We were fascinated by the conversation started Monday by the release of the Pew survey about self-tracking by Susannah Fox. As with any survey research, the top line results provoked the most discussion, and also some intelligent skepticism. We’ve had a few days to digest the results, and here’s our analysis of the two key questions:
1. How many Americans use technology for self-tracking?
2. Is this number growing, shrinking, or staying the same?
The always reliable Brian Dolan and MobiHealthNews pointed out that according to Pew, health-tracking numbers were unchanged since their last report in 2010. While the questions asked are not identical, it’s logical to conclude from the two surveys that the numbers are flat. Susannah Fox, who wrote the Pew report, states this clearly: “One in five trackers in the general population (21%) say they use some form of technology to track their health data, which matches our 2010 finding.”1
But wait; if this is true it is unexpected and therefore important. With thousands of new apps, and dozens if not hundreds of new medical tracking devices released in the last two years, the total number of Americans using them barely grew. According to Pew, the number of people using apps on their phones to track health has only increased from 9% in 2011 to 11% in 2012. Meanwhile, according to Pew smartphone ownership has increased from 33% to 53% from 2011 to 2012.2
Should we conclude that the spread of health tracking is not even close to keeping up with technology adoption generally? That, while smartphone usage grows, self-tracking stagnates?
A recent fitness tracking report by Forrester makes a parallel argument. Sarah Rotman Epps, the report’s author, argues that the potential US market for fitness trackers totals a relatively tiny 8 million adults. We have high faith in the underlying integrity of the Pew Research, which comes from direct questions asked to a random sample of adults, and less faith in the Forrester numbers, which come from an online panel and some creative theorizing, but thinking critically about both of them has helped us advance our own ideas about what’s going on with self-tracking generally.
Forrester’s research method was to ask an online panel if they were interested in buying a Fuelband, along with a series of lifestyle questions. They ran a regression to produce a profile of a likely Fuelband buyer, took this as a proxy for fitness wearables generally, used demographic data to calculate the number of potential buyers of all types of fitness wearables. To wit: 8 million.

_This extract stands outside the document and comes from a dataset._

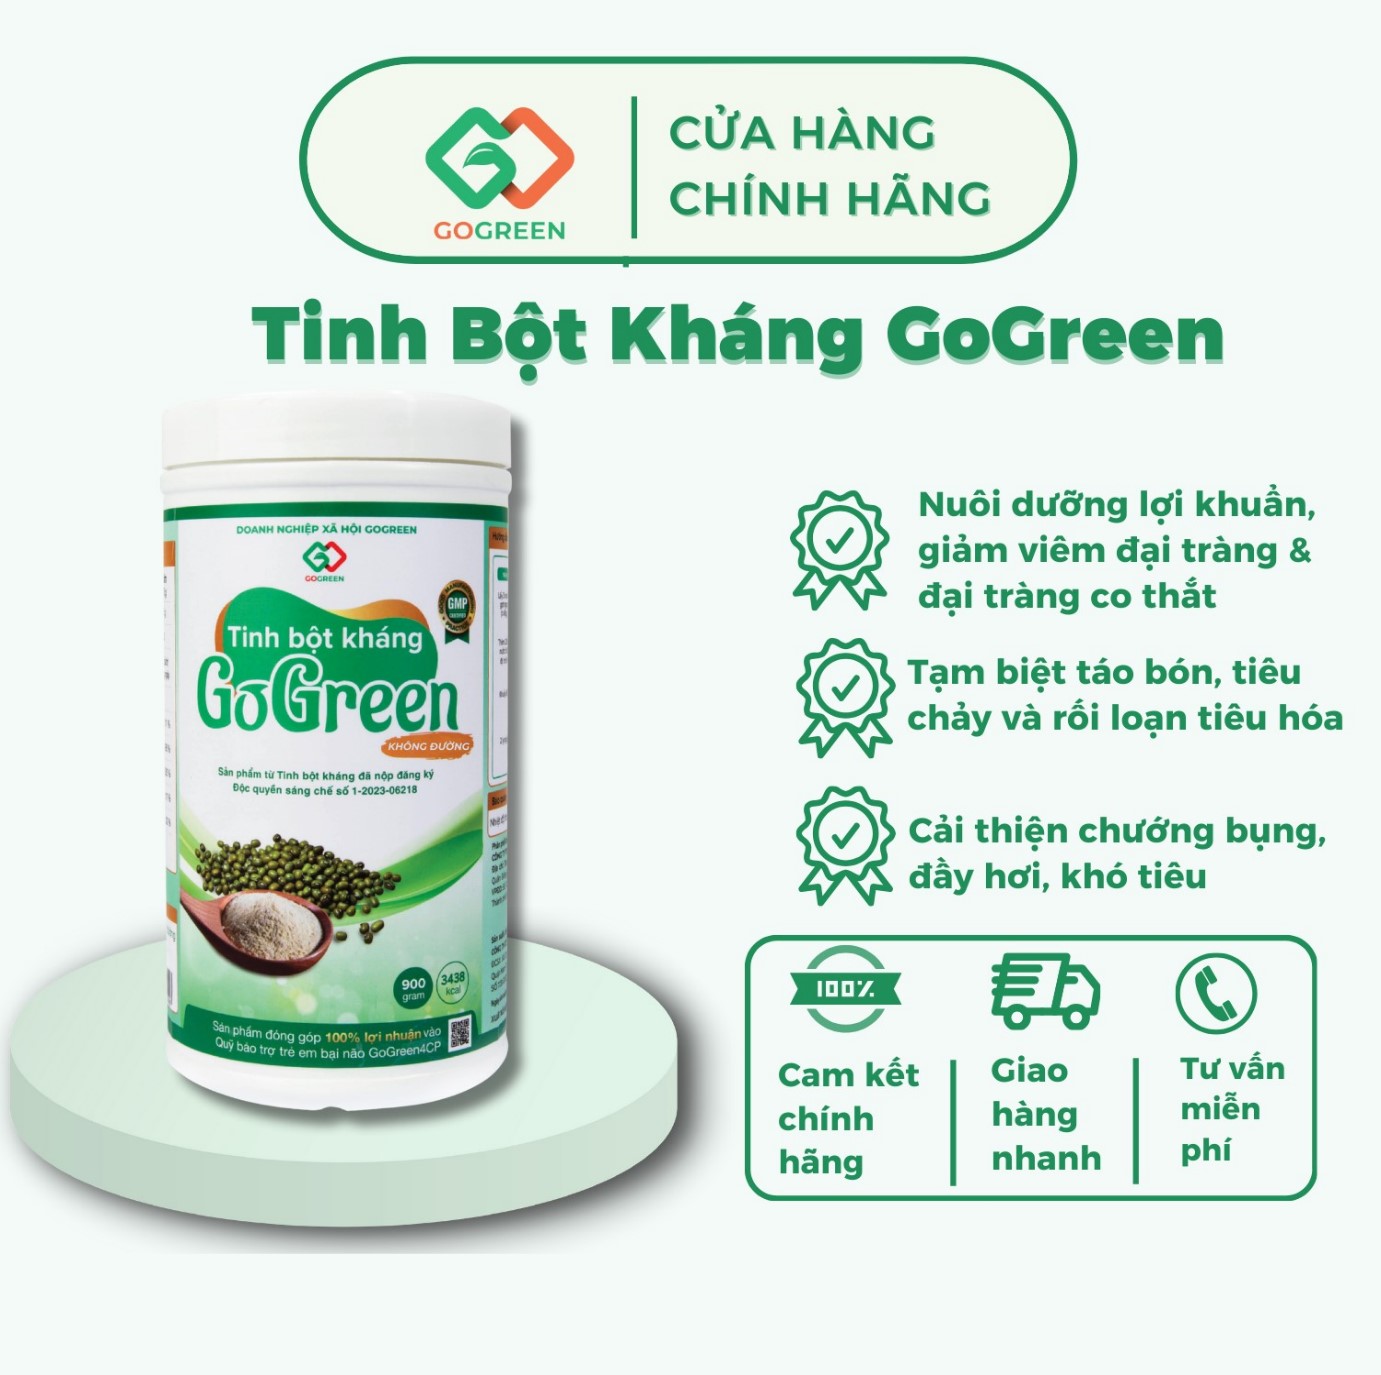 Thương hiệu Tinh Bột Kháng Dr. Ruột với sản phẩm Tinh bột kháng GoGreen Premium - Vì một Việt Nam không còn bệnh đường ruột! - ảnh 2

This is startlingly small, especially given Nike’s claims about how many people participate in the Nike+ ecosystem of tracking apps and devices, which includes the FuelBand. We’ve extracted the data in graph below from from transcripts of Nike’s quarterly calls with analysts:
On the latest call, in late 2012, Nike announced it had 10 million Nike+ users. We asked Sarah, the author of the Forrester report, to comment. “Nike is saying they have 10 million plus users,” she replied by email, “most of which are likely just using the app and their shoes. We are saying that the market for purchasing actual fitness tracking devices is quite small.”
How does this claim look in light of the Pew numbers? If you look at current census estimates and the Pew data then we see that almost 35 million3 US adults are using technology to self-track. Of those, 8% use a medical device, like a glucose meter and 7% use an app or other tool on their mobile phone or device. Combined that comes to 5 million adults. And yet if we take Nike at it’s word, and we assume that Nike+ appls and devices fall into either the medical device or mobile app category, then the Nike+ ecosystem alone includes many more self-trackers than Pew found in their survey.
Obviously these are partial views of a complex reality, based on very different types of data, but it would nice to have a theory that was compatible with all the evidence.
To sum up: smartphone adoption is growing quickly; Nike+ participation is growing quickly, but the number of people using technology to track their health appears flat, and the total market for fitness tracking devices is tiny.
We have some ideas about how to solve this mystery, but we’d like to hear what you think first. We’ll follow up with a post based on your comments and our own further thoughts.
1: In an email dialog we had with Susannah Fox she urged us to look at the full reports, especially the exact questions that were asked in the two surveys. You can check them here: 2011: The Social Life of Health Information and 2012: Tracking for Health. We’ll get into some details in our next post.
2: This data is available as part of the 2012 Tracking for Health report (pg. 18).
3: We calculated this by combing the Pew findings with the current estimates of the US adult population. More specifically we used the following calculation: (US adult population – 238,640,000) x (total trackers – 69%) x (technology trackers – 21%) = 34,578,936.